Follow the Money! Greek Films in the Competition
According to my esteemed co-juror Philippos Chatzikos, every Greek citizen is obliged by law to conduct at least a third of his or her financial transactions cashless. Such draconian measures are not taken without reason. Officially, this is a means against tax evasion. But there might be another, even more profound motivation behind this governmental decree. The native films shown in the competition of Athens’ oldest film festival introduce their audiences to a different sort of shadow economy.
They show in close-up how intimate and heartfelt the Greeks’ relationship to cash is. Banknotes turn up in singles or bundles, they change owners constantly, they are handed out secretively and received with a certain embarrassment. They are counted over and over again. Wallets play a secondary role here; money seems always at hand, albeit in frugal quantities. When coins are exchanged, this is a sure sign that the people using them are in even direr straits. Indeed, the contemporary Greek films bestow cash with a physical urgency that has been severely lacking in world cinema. Surely this could be taken as an indication of a deep distrust of credit cards and digital forms of payment: From a European perspective, this country throws down the Mediterranean gauntlet in the face of cashless Scandinavia. Its citizens defy abstraction, they are defendants of the concrete. It is a question of philosophy and mentality. On the other hand, why should a blocked credit card be more humiliating than borrowing money from everybody within reach? Each character in these films may have individual reasons, but it all boils down to this: No one wants to leave digital traces of poverty. After watching five Greek entries in the competition, it is evident that the economic crisis is far from over; the country still finds itself in the grip of austerity. What we discover on the screen is not a parallel society but a clandestine majority.

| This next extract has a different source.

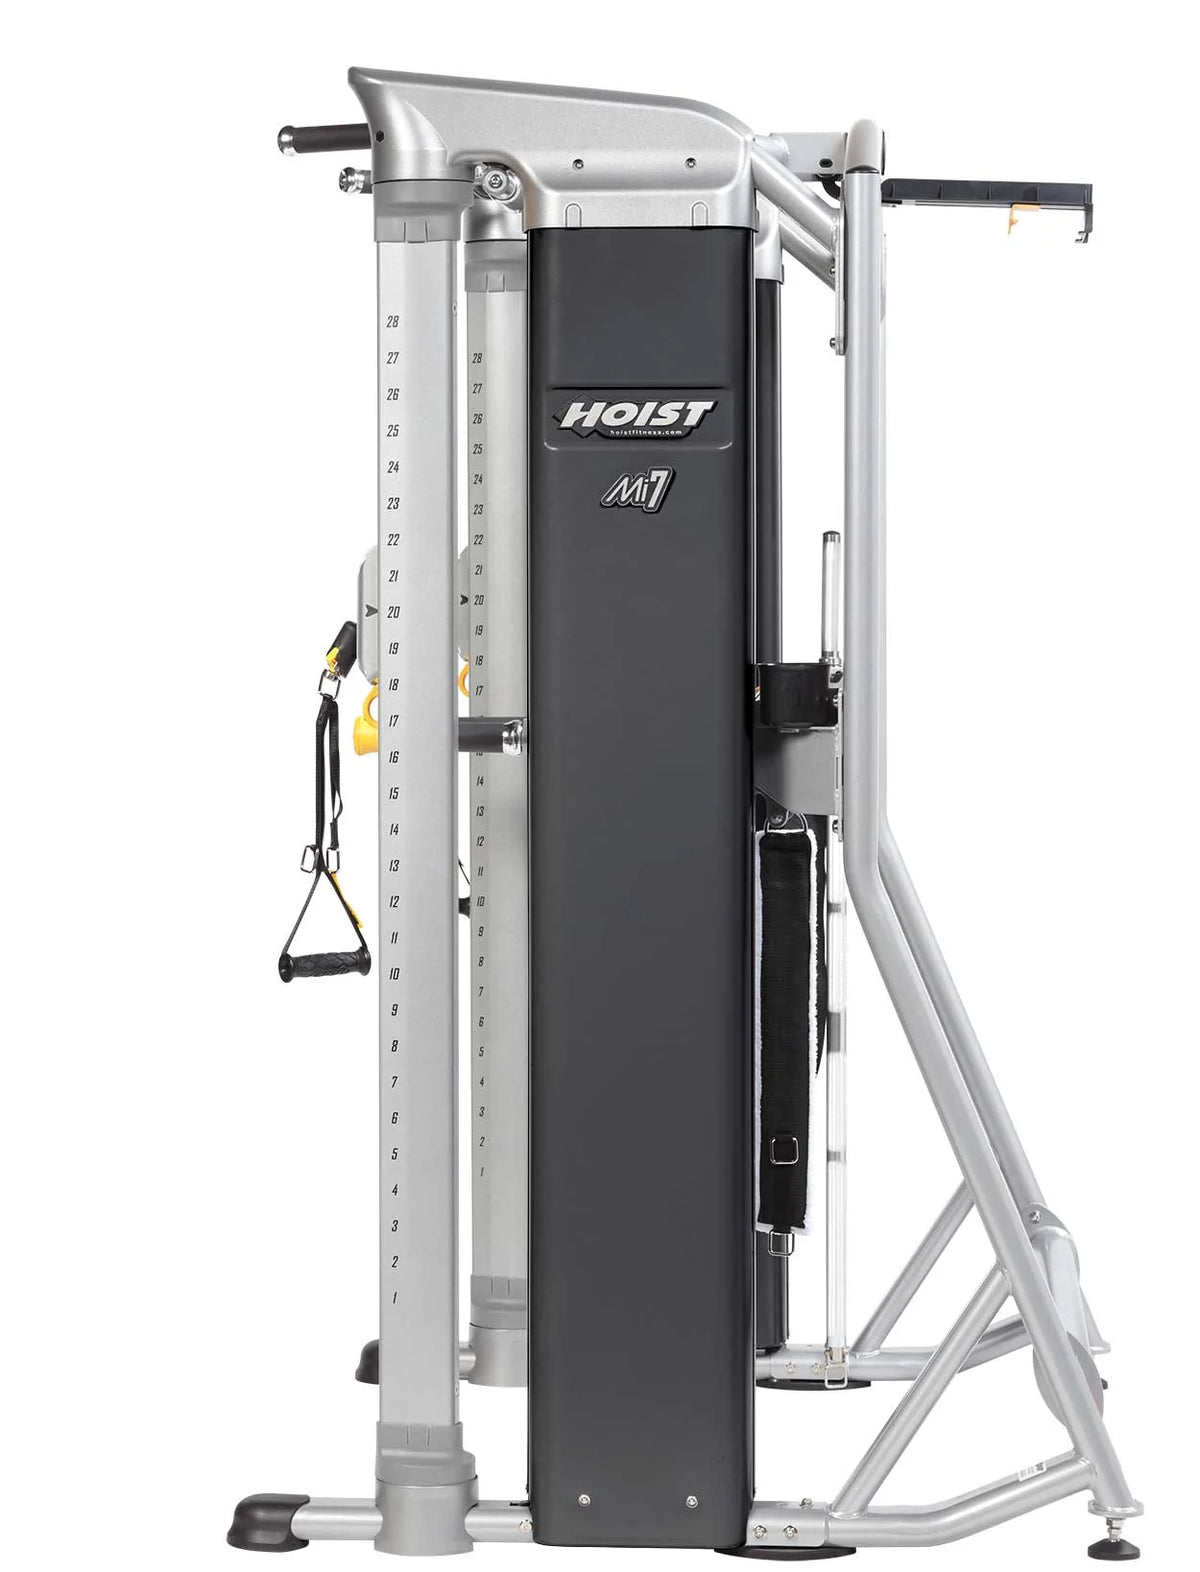 Hoist Fitness Mi7 Functional Training System side view | Fitness Experience

In Filippos Tsitos’ delightfully picaresque Receptions (Dexioseis), a retired journalist faces the threat of losing his apartment. He hasn’t paid the rent in months. Neither his brother nor his ex-wife can help him much. One day he falls in with a group of freeloaders who hungrily raid buffets at conferences, meetings and other official functions. His press pass may long be extinct, but his chutzpah opens doors nonetheless. He used to be an upright investigative journalist and still tries to uphold his pride. Now his life is reduced to mere survival and maintaining dignity. In the lively discussion after the film, the audience was split into two factions—one denouncing its presumed exaggerations, the other finding it true to everyday reality.
The policeman in Marinos Kartikkis’ neo-noir Diversion (Ektropi) has already lost his sense of integrity and shame long ago. His job is picking up corpses and transporting them to forensics. There he steals their jewelry without remorse. His son needs new shoes for soccer training and his ex-wife is sick of waiting for his alimony payments—he just can’t seem to make ends meet. Even the dealer for stolen goods won’t pay him anymore, the market for second-hand gems is all but dead. Kartikkis’ film feels like penny-pinching Dostoevsky; one can see the policeman’s downfall a long time coming.
Little Man-Eater (Mikros Anthropofagos), directed by Yannis Fagras in a terribly lackluster and jittery way, is the only case of increasing fortunes. Two vile day laborers join forces with an erstwhile idealistic female sea captain on a treasure hunt. A boat full of refugees has shipwrecked off the coast of a small island, and our trio aim to retrieve their belongings. Thus, they stumble upon a shipload of money. Bills are recovered, dried, counted again and again, as obscenely graphic as in a Mafia thriller. They fight tooth and nail over their share of the booty. The shadow of Huston’s The Treasure of the Sierra Madre looms large over Fagras’ lumpendrama—until the end when useless bills float on the indifferent waves of the Mediterranean.
It is peculiar that these tales of austerity are filmed in CinemaScope, the format of plenty and abundance. Not all of the five entries are obsessed with cash, of course. In Smaragda: I Got Thick Skin and I Can’t Jump, money only once plays a significant role—in a playful dispute who will pay the bill after the first date. Although director Emilios Avraam is concerned with the professional future of his heroine, his main focus is on her search for happiness and a new self-understanding on the brink of menopause. Her tragicomical encounters with men reminded me of Sebástian Lelio’s Gloria (a French remake, on the other hand, would most certainly star Virginie Efira). But Niovi Charalambous brings her own, quite irresistible energy to the role, a robust iridescence between romantic hopefulness and despondency.
The protagonists of Nikos Kornilios’s Winter Sea (I thalassa to heimona) seem to be completely exempt from financial worries. In his softly storm-tossed melodrama, three different kinds of solitude encounter each other. A young geologist finds herself between two estranged lovers who meet again after many decades. If you imagine a screenplay for an Antonioni film being directed by Theo Angelopoulos, you would not be completely wrong. The cast is beguiling, and the camerawork is of extraordinary atmospheric precision. This masterly meditation on time lost and (maybe) regained also boasts the most memorable line heard in this year’ s competition. “History is not for me,” the geologist declares. “Too small-scale.”